Data security today requires multiple controls to deter attackers. Short of eliminating sensitive data from a system, encrypting and decrypting it within authorized applications (combined with a hardware-backed, cryptographic key management system) provides strong protection control. When combined with FIDO-based strong authentication, risk mitigation becomes formidable.
Making It Trustworthy
Being able to trust the data is the third key to security. However, because of how standard database management systems are designed, it is always possible for a privileged user to modify data at rest directly without the knowledge of the application or users who created the record.
This risk is not easily mitigated, even when controls exist to ensure the database system records changes and stores audit logs that privileged users cannot access, because even database management systems use user IDs and passwords to authenticate.
This creates a breakdown in data trustworthiness.
Most applications today function on the premise that information stored within their databases is accurate.
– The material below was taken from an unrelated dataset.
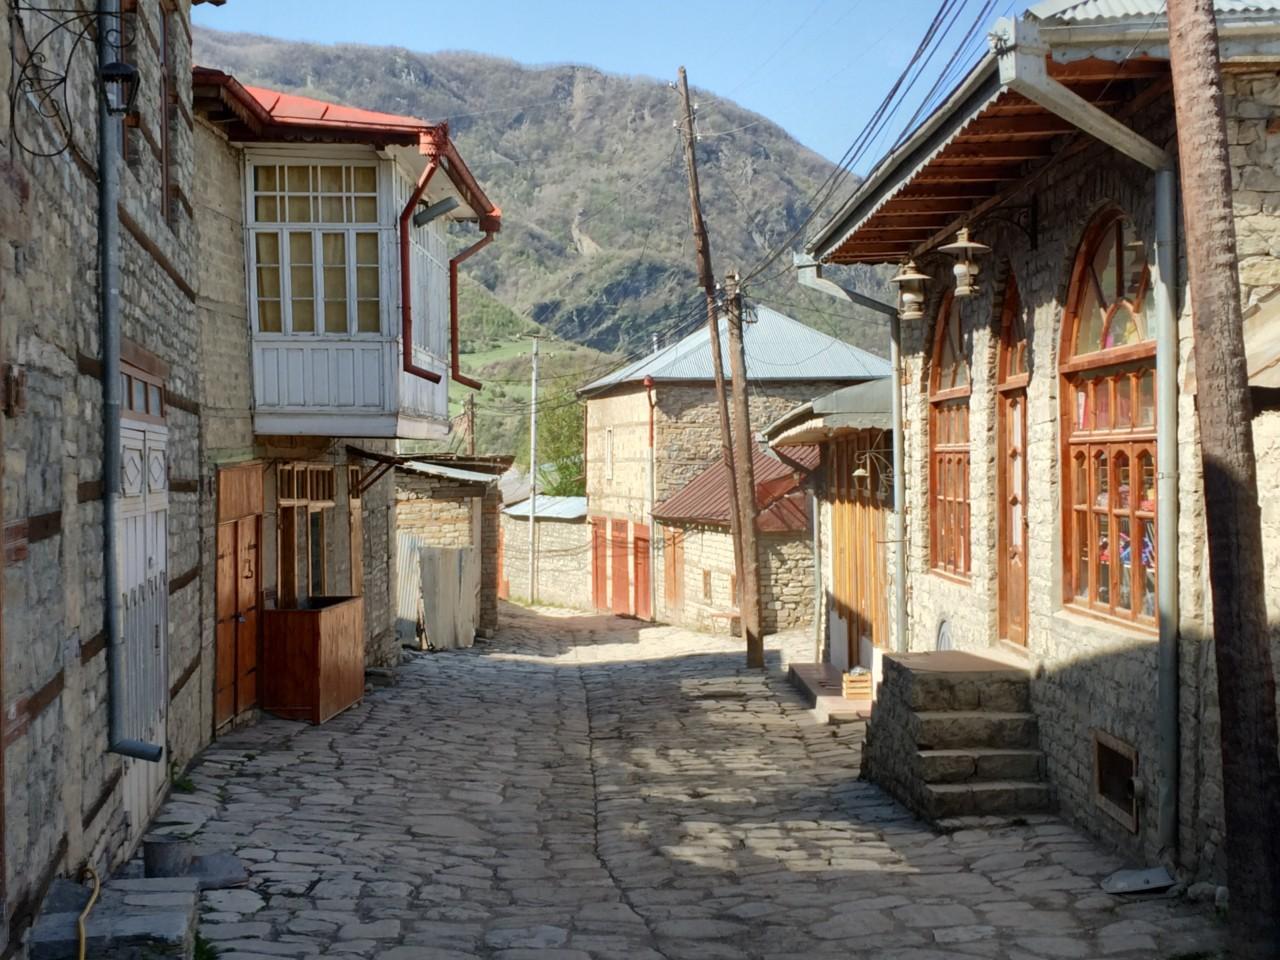 Lahic shady street

Even application programmers and system administrators are constrained in protecting the integrity of data for multiple reasons, including lack of knowledge or resources, or business imperative. Consequently, it is possible to implement FIDO-based strong authentication and application-level encryption but still remain vulnerable to integrity attacks.
Developing a holistic, trustworthy security strategy includes implementing digital signatures for both user transactions and stored database records. Transaction digital signatures using FIDO-based protocols ensure only authorized users can modify stored data. Similarly, database records should be secured using digital signatures generated by the applications themselves; the cryptographic key performing these signatures must be inaccessible to any human user—privileged or otherwise. Upon reading a database record, the application verifies the signature of the retrieved record. Only when the signature is verified successfully can the application be sure it is using the same data it stored previously, thus ensuring trustworthiness.
Today’s information systems work under an enormous security burden. The above guidelines create powerful controls to protect information, users and investments. Following them will ensure the authenticity, confidentiality and trustworthiness of your data.